*What the task asks:* Below are records with pictures; copy word for word only the lines between the line with "Calvin Klein Eternity" and the line with "A historic Tudor", inclusive, and drop the pictures.

*Provided records:*

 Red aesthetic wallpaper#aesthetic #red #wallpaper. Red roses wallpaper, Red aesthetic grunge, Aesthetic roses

...

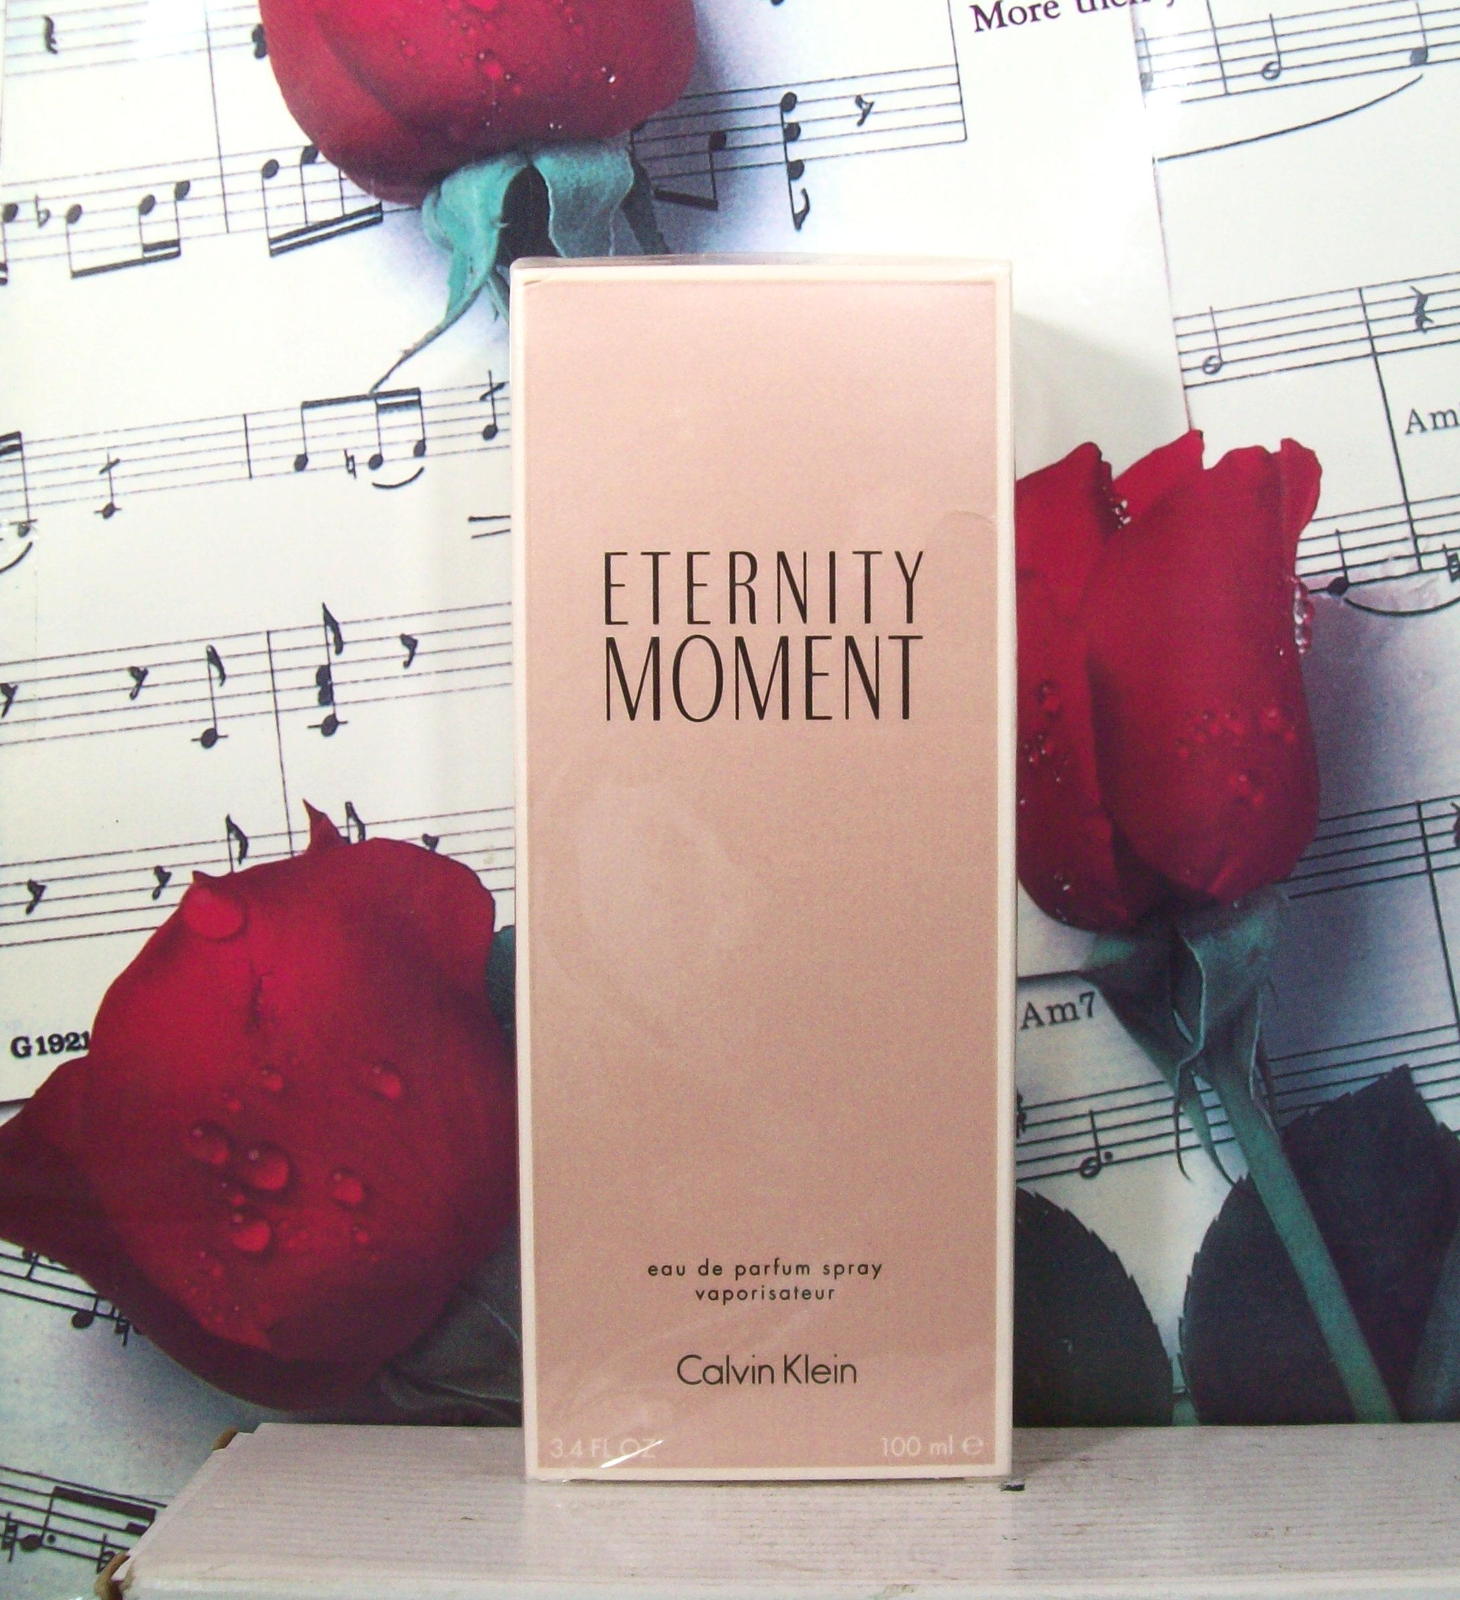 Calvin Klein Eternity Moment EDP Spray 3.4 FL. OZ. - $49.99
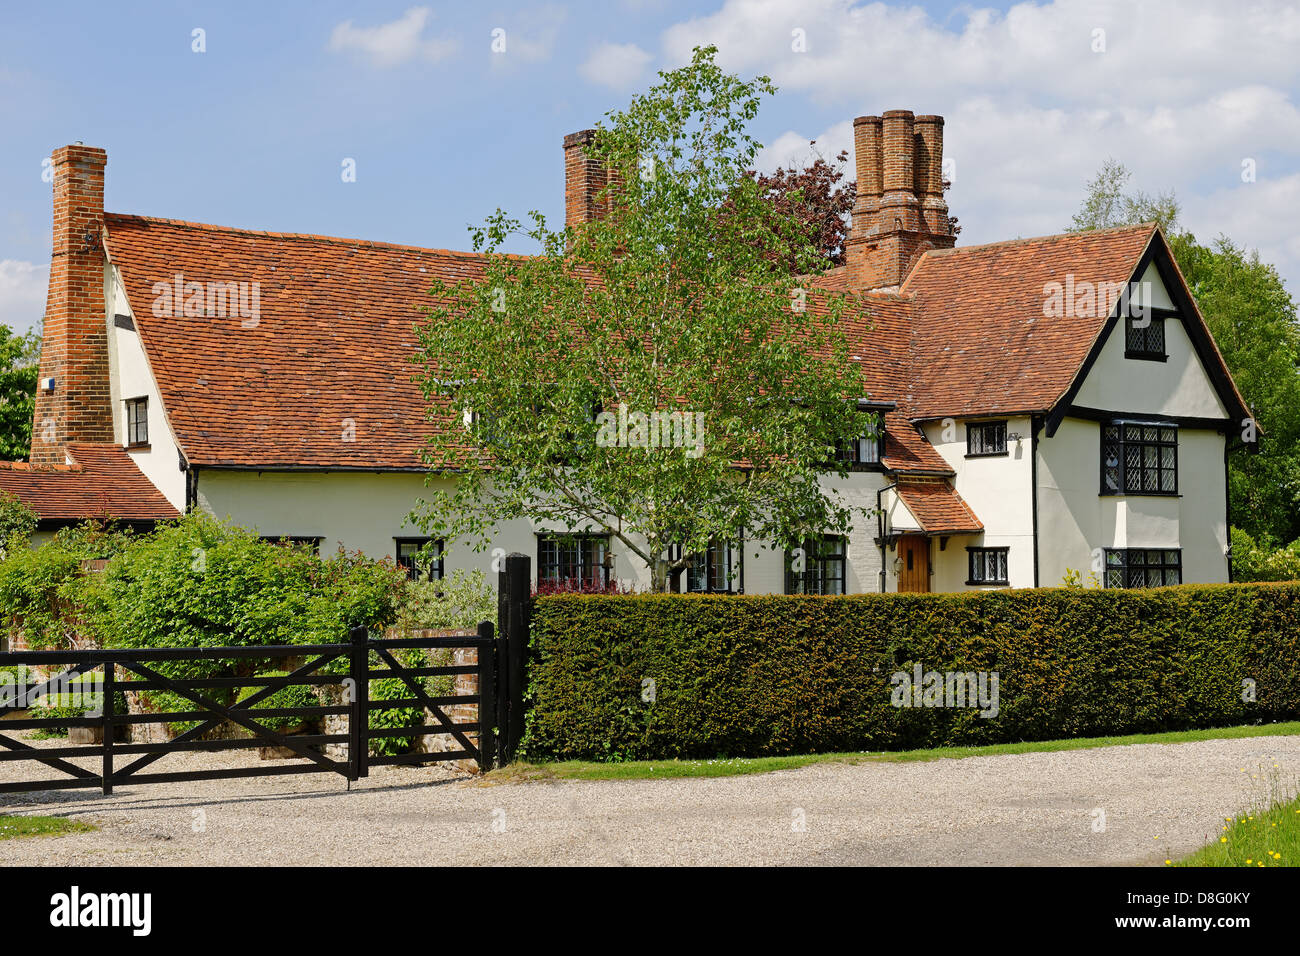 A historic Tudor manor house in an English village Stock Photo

*Result:*
 Calvin Klein Eternity Moment EDP Spray 3.4 FL. OZ. - $49.99
 A historic Tudor manor house in an English village Stock Photo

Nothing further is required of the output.